Source data:
▼

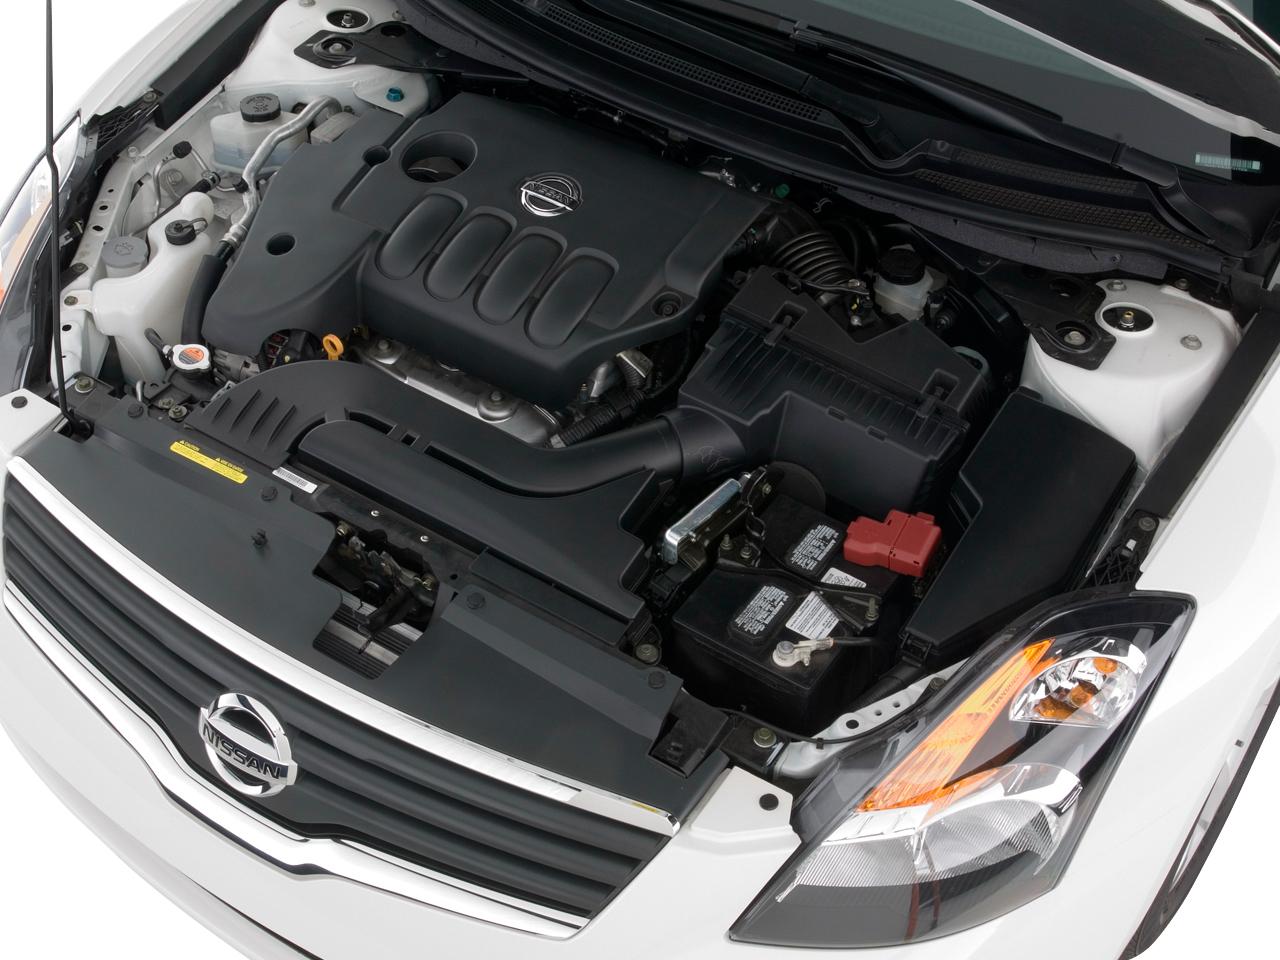 2009 Nissan Altima Hybrid Midsize Review Engine Diagram 61 124
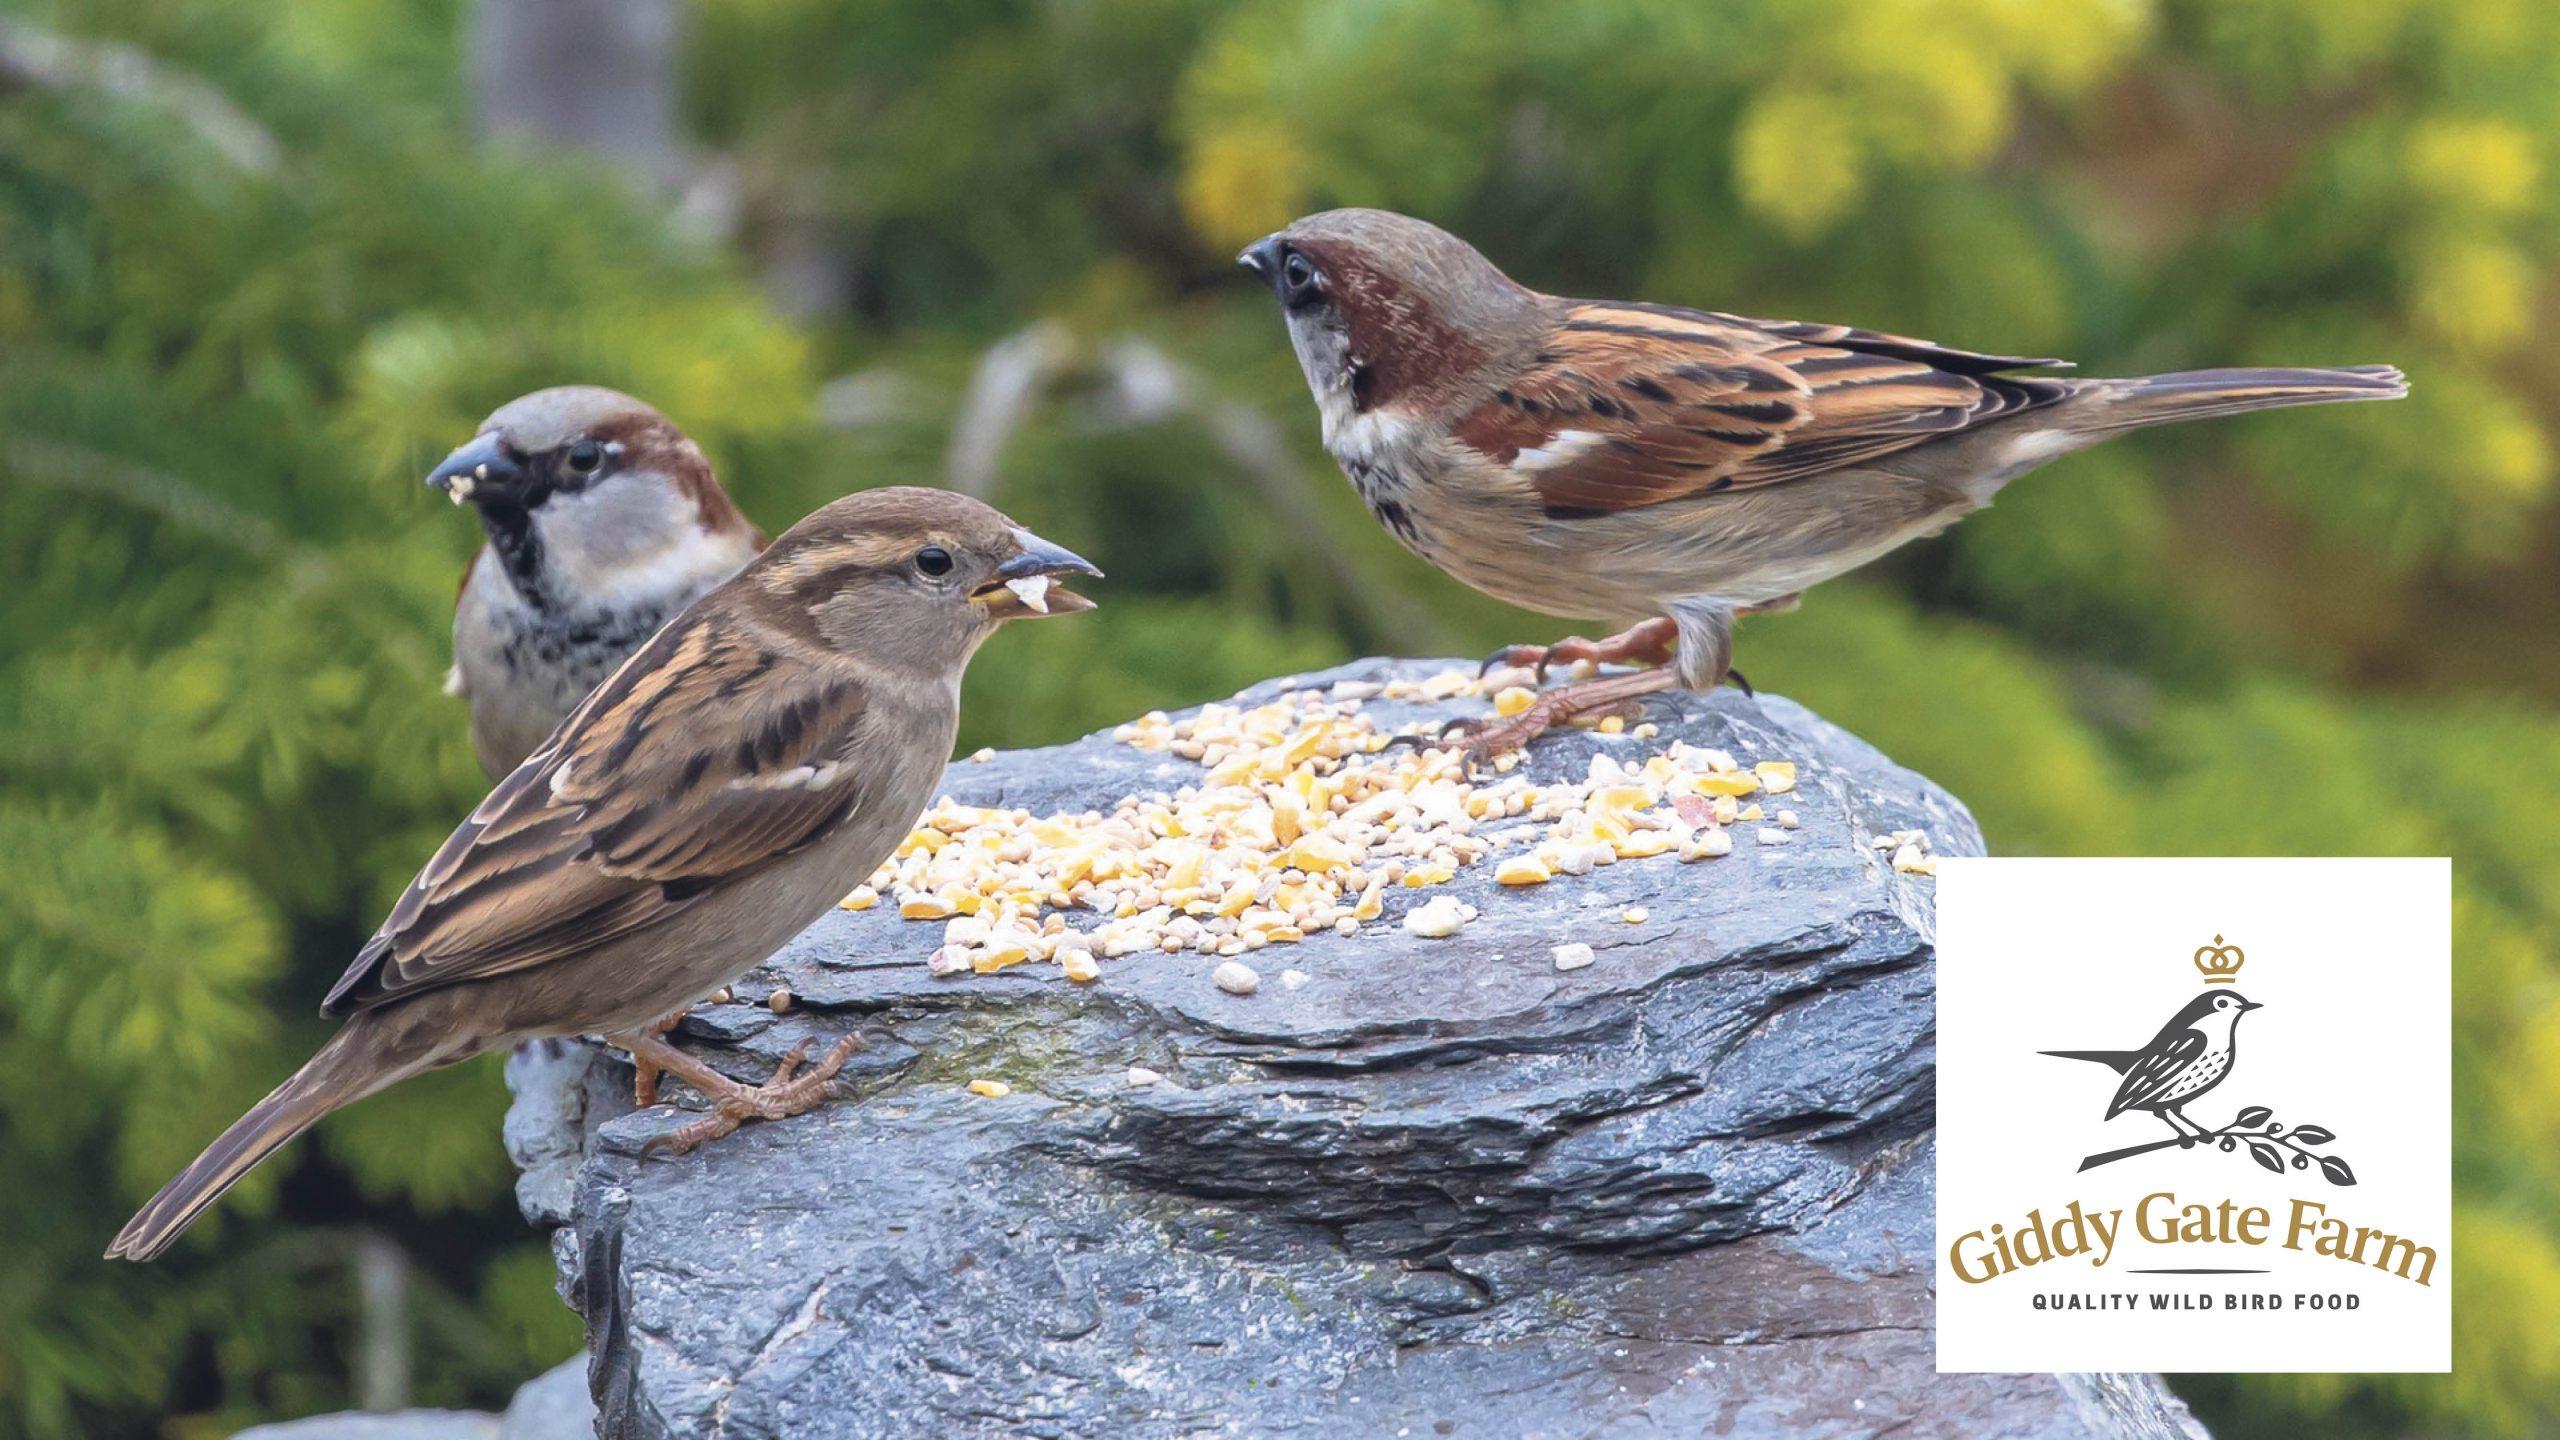 Win a bird feeding bundle for your garden Worth £130!
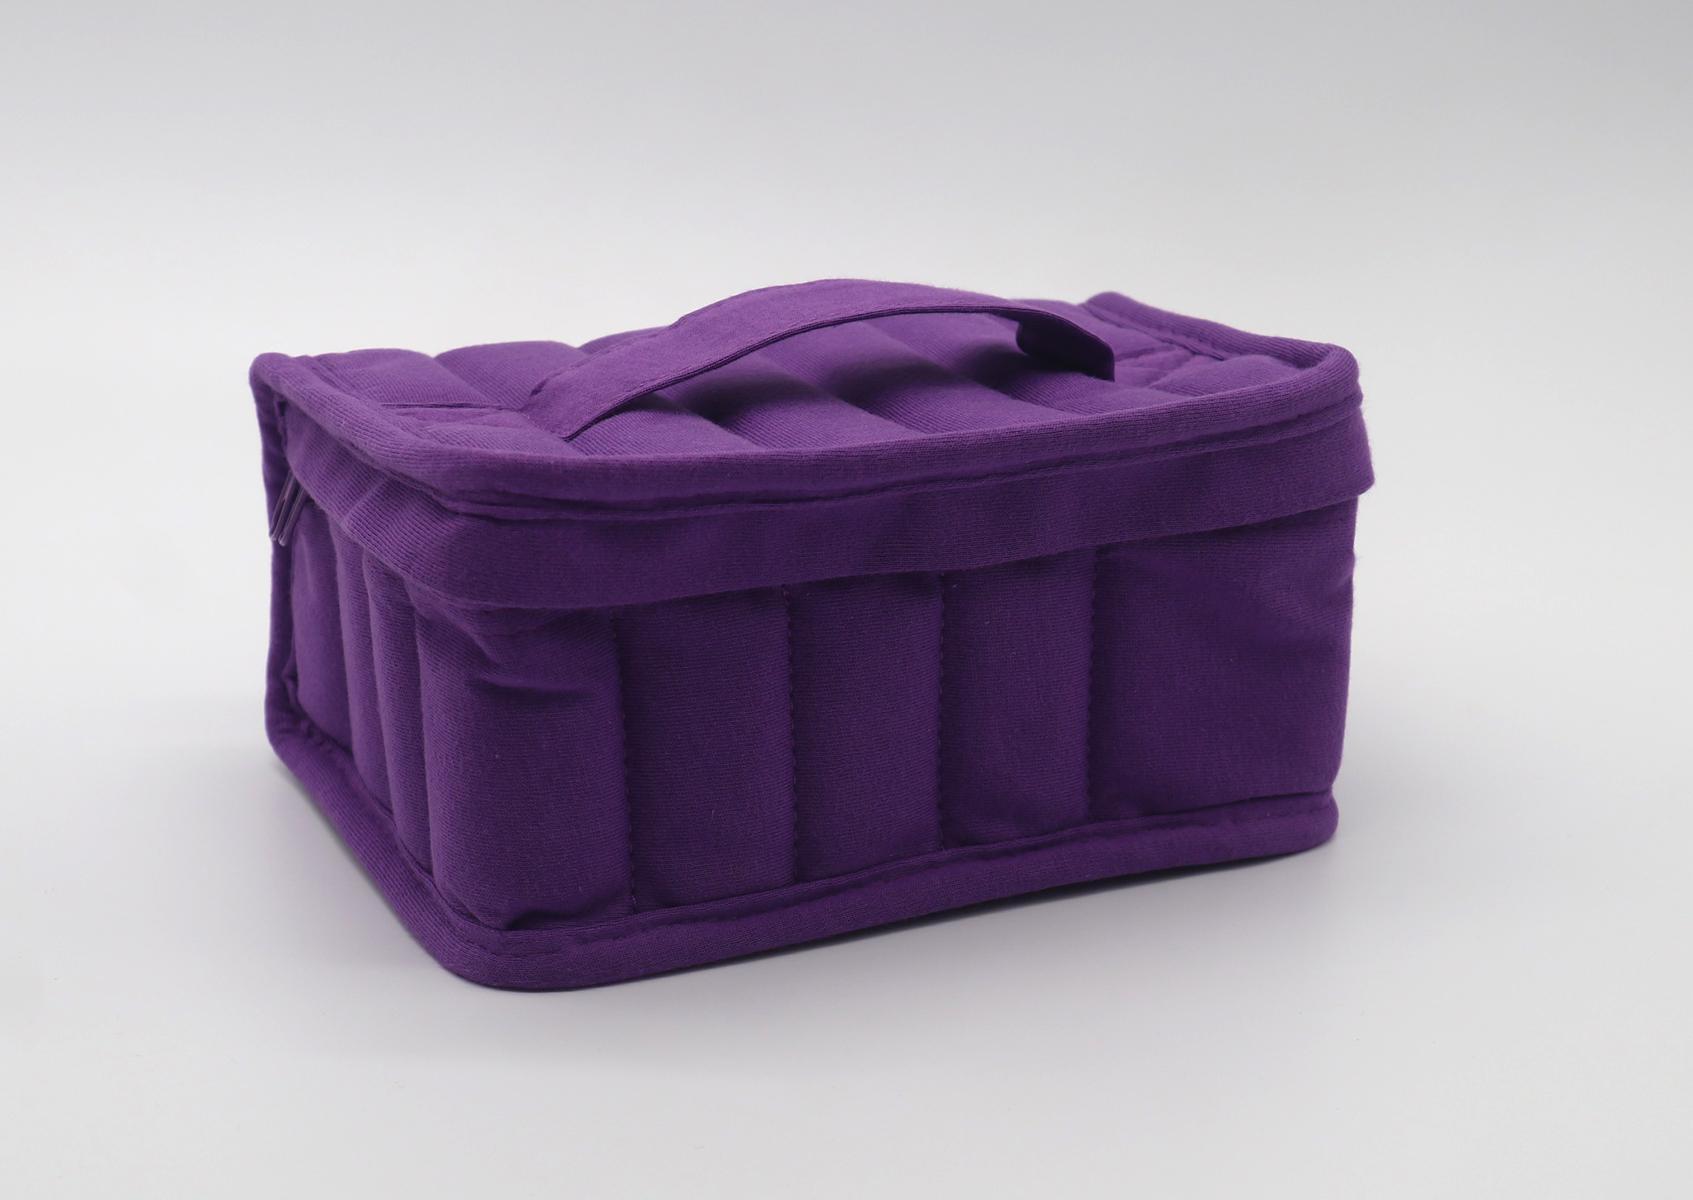 Thirteen bottles holders mutispandex made essential oil pouch bag  4

▲

Work task:
Repeat the listing in full and exactly. Leave any pictures out.

Response area:
 2009 Nissan Altima Hybrid Midsize Review Engine Diagram 61 124
 Win a bird feeding bundle for your garden Worth £130!
 Thirteen bottles holders mutispandex made essential oil pouch bag  4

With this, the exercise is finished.